#### Problem requirements:
Give back the whole listing exactly as written, pictures excluded.

#### Given material:
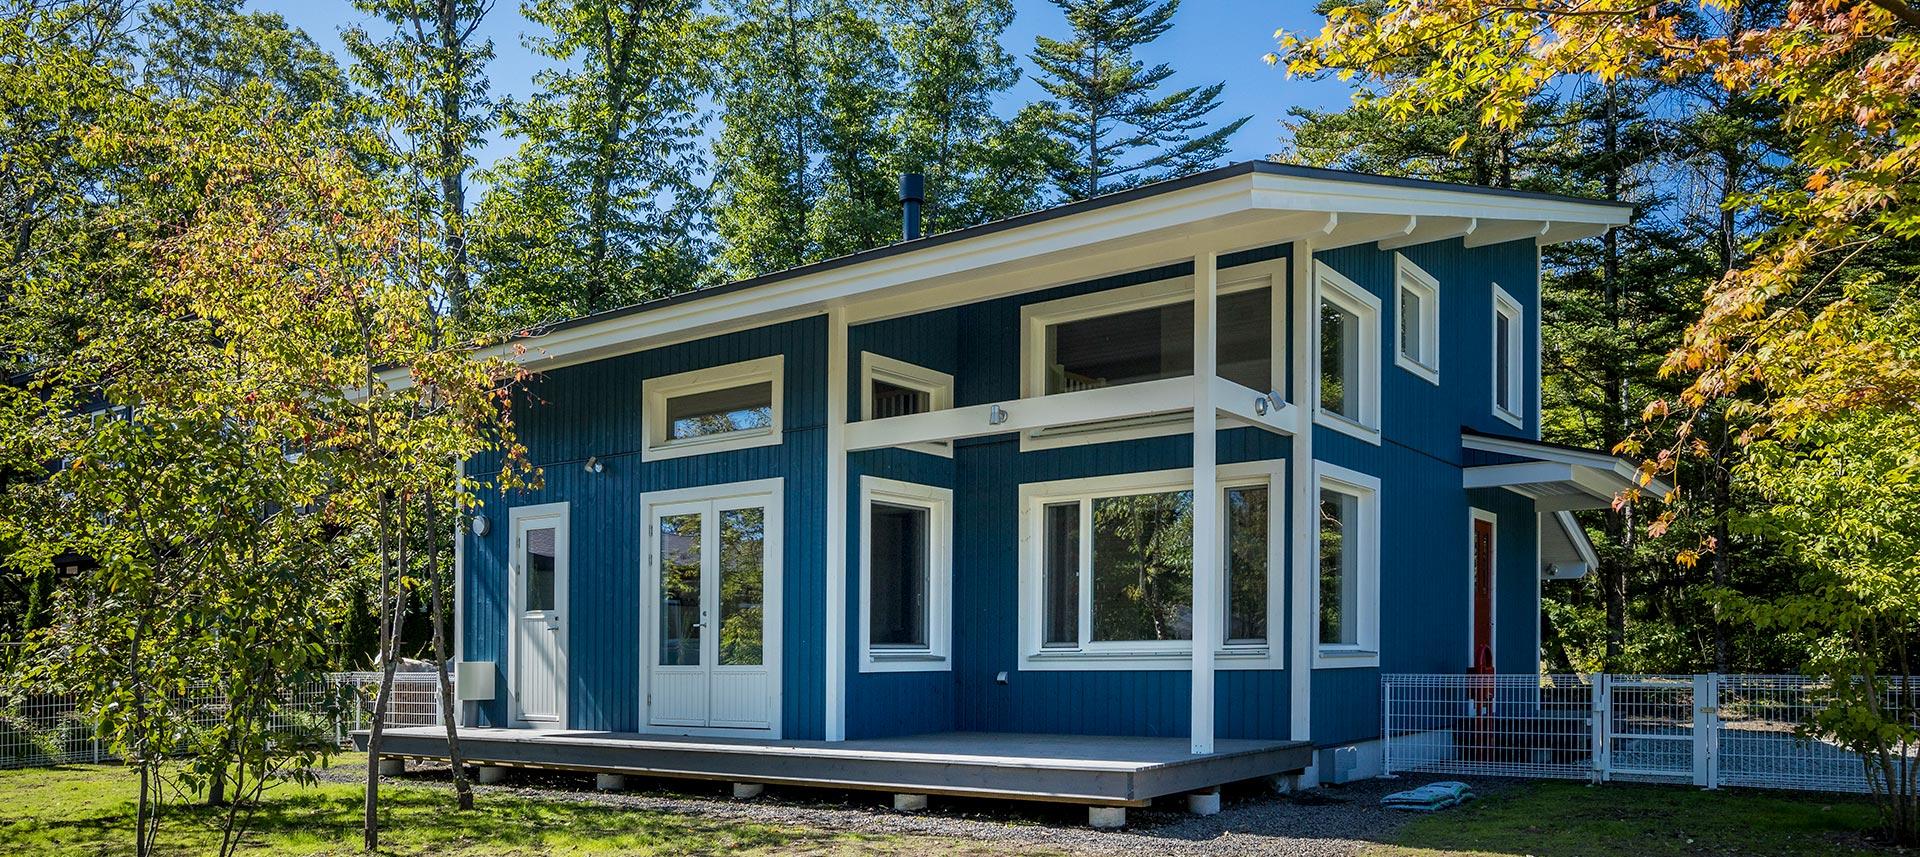 ブルーの外壁に、窓とケーシングをホワイトに塗装。一層爽やかな印象の外観に仕上がりに
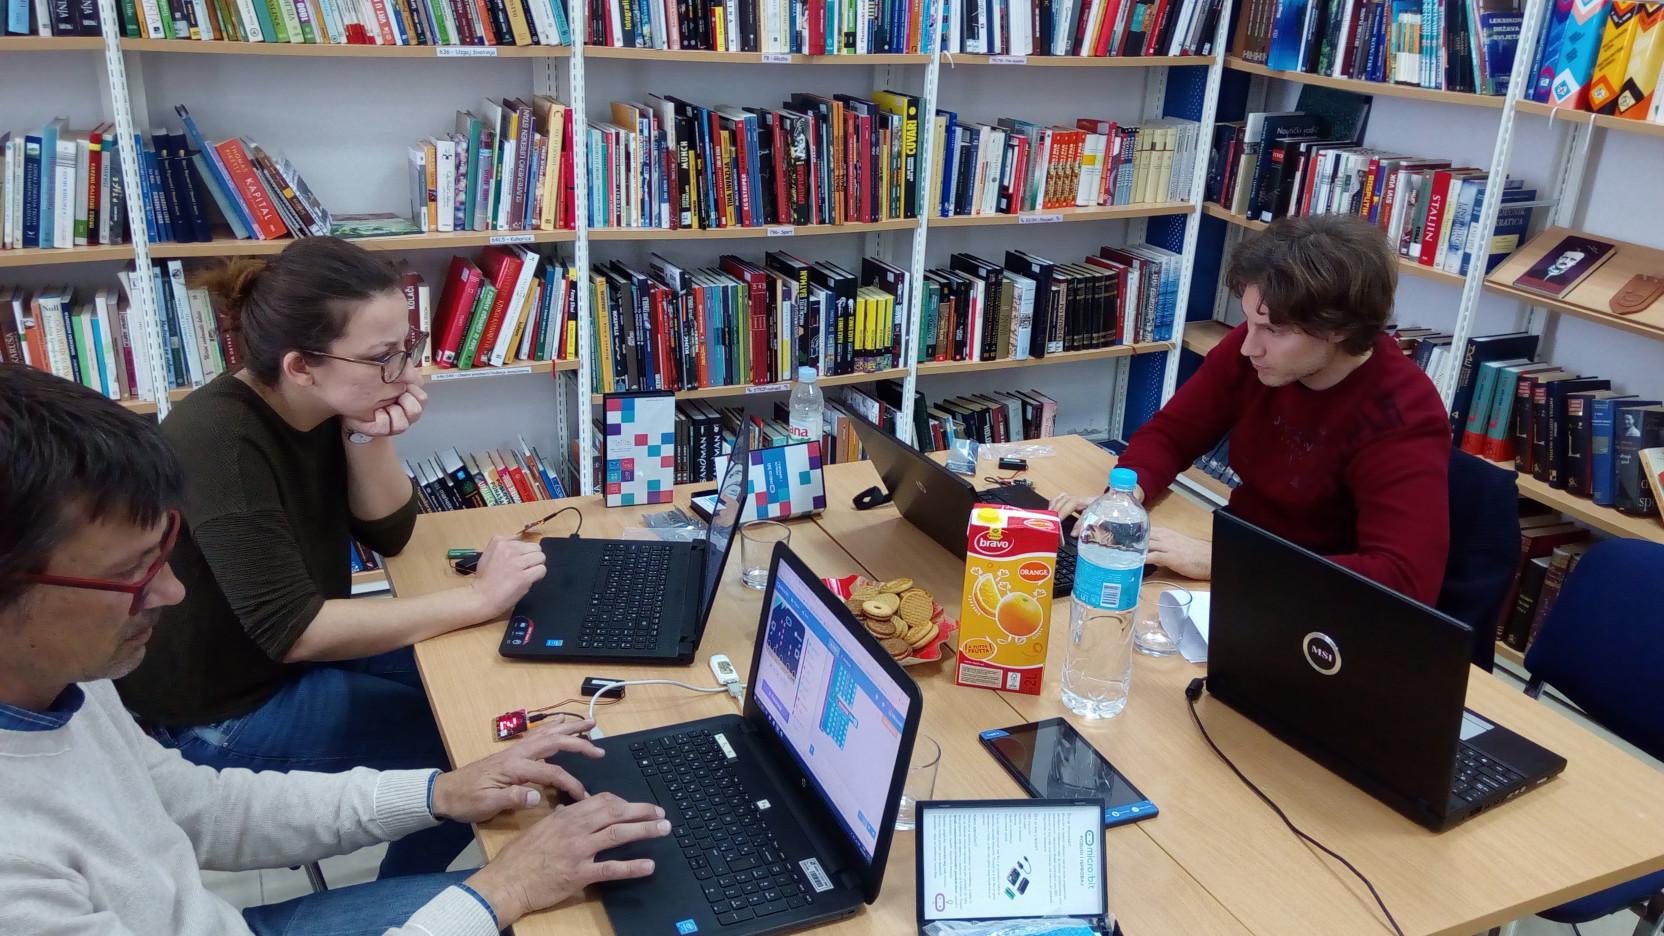 internetsko druženje za starije odrasle osobe
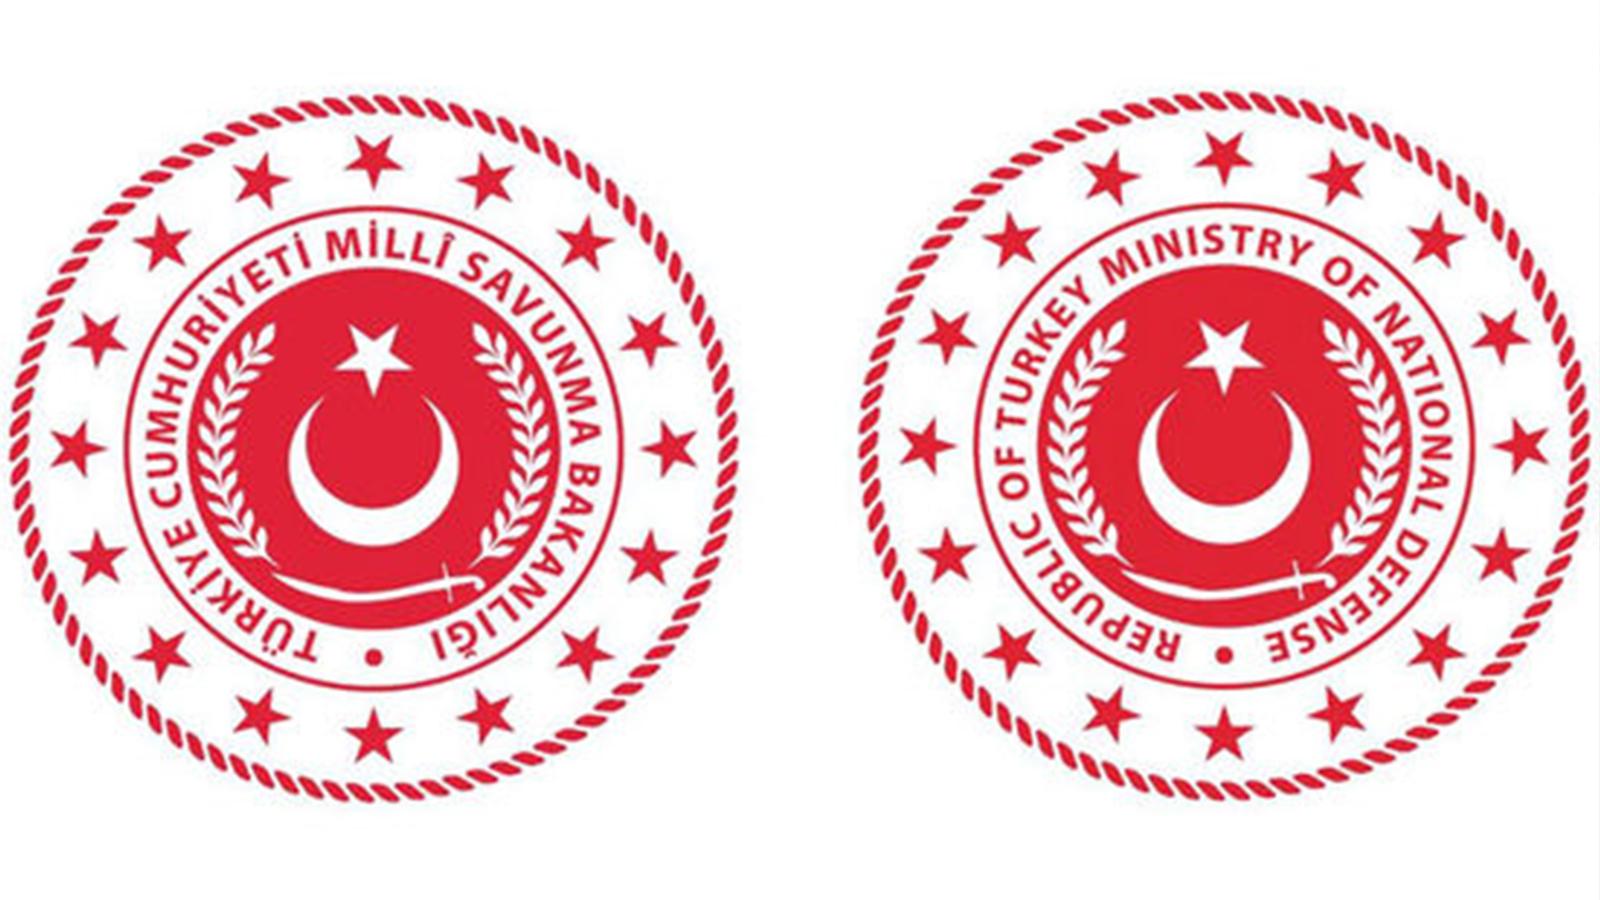 Murat Bardakci Milli Savunma Bakanligi Nin Yeni Logosundaki

#### Answer space:
 ブルーの外壁に、窓とケーシングをホワイトに塗装。一層爽やかな印象の外観に仕上がりに
 internetsko druženje za starije odrasle osobe
 Murat Bardakci Milli Savunma Bakanligi Nin Yeni Logosundaki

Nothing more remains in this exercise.